Слова были теперь уже неважны. Он потянулся к ней. Она игриво отпрянула, чтобы он поймал. Ей казалось — легко, как девочка. А на самом деле ее большое, рыхлое тело, не привыкшее к своей полноте, просто неуклюже переместилось в пространстве лестничной клетки. Но со стороны никто на них не смотрел. И все было именно так, как она ощущала.
Она отскочила — легко, как козочка. А он, большой и сильный, все равно поймал ее ласковыми руками…
Входная дверь далеко внизу негромко щелкнула, выпуская девушку в меховой куртке.
Вверху на площадке двое самозабвенно целовались.
13.16–13.24
Машинист Павел Федорович Комаров шел через депо. Из ремонтной канавы навстречу ему вылез слесарь, присвистнул:
— Павел?! Ты ж вроде на выходном?
— С утра побыл, хватит..
— Горишь на
Приказы известные, не остановился.
День был рабочий, четверг, и время спокойное, тринадцать часов шестнадцать минут. Большинство составов на линии, но кое-где по канавам стоят, раз еще не пик. Возле шныряли ремонтники. Уборщица прошла на седьмую канаву, гордо неся швабру.
Головные вагоны стояли смирно, как коровы на электродойке. Сосали из шлангов воздух, пополняли тормозную-напорную магистрали.

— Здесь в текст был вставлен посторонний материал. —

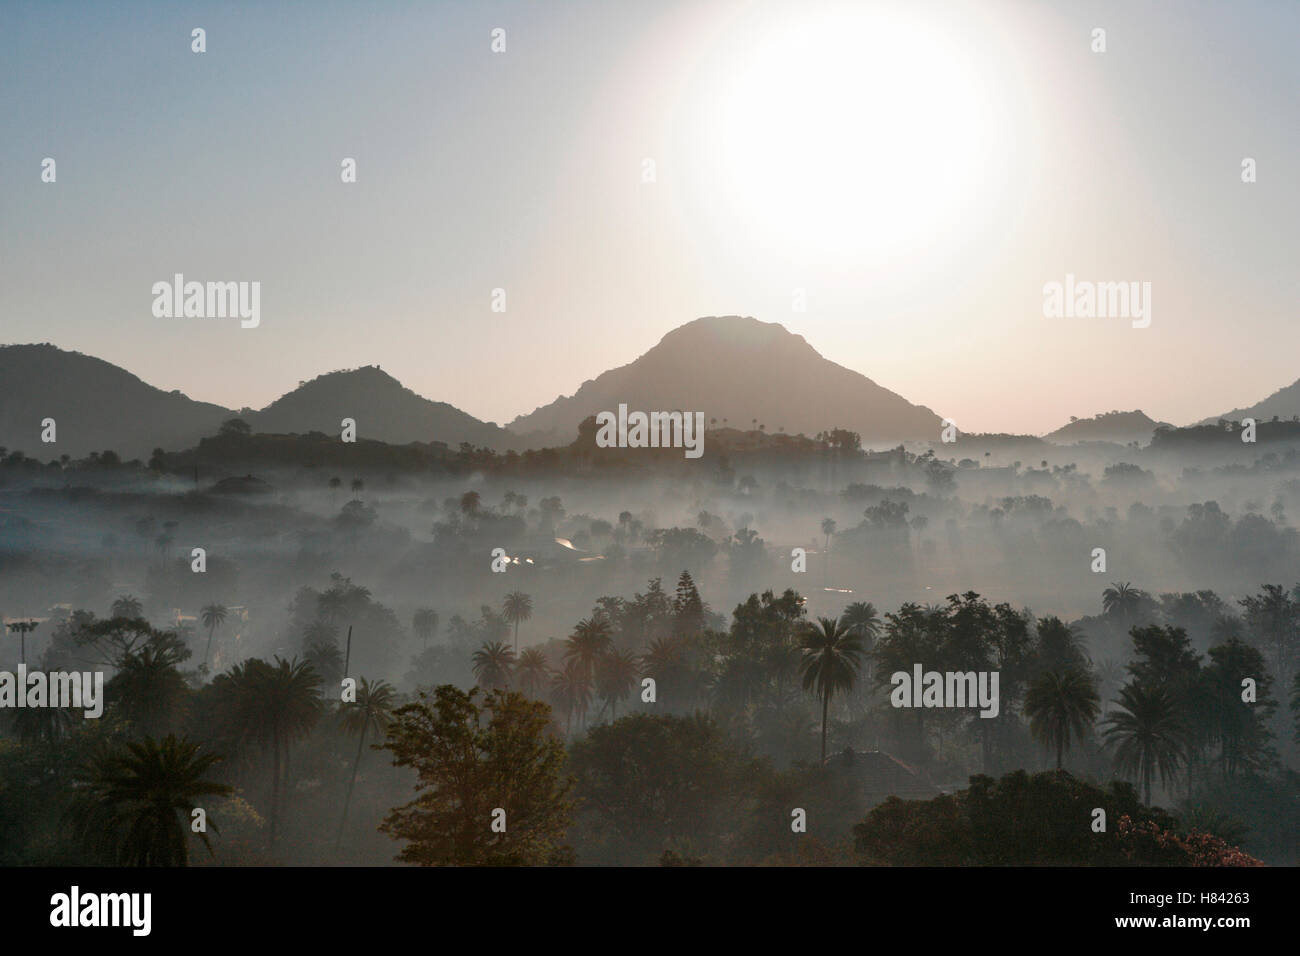 Paesaggio dal monte Abu. Rajasthan, India. Foto Stock

Дежурный по депо Николаич сидел на лавочке, где написано «для курения», и грел в вечных валенках ноги. Рядом припрыгивал бригадир электриков. Он так курил, припрыгивая, будто — даже куря — бежал куда-то с делом и не терял рабочей секунды. Тут же вертелся Серега-удочник, совсем молодой еще парень.
— Как ноги? — спросил на ходу Комаров.
— Смердят, — охотно сказал Николаич.
— Это слово чего-то не то… — засмеялся Комаров,
— Еще какое то, — качнул головой Николаич.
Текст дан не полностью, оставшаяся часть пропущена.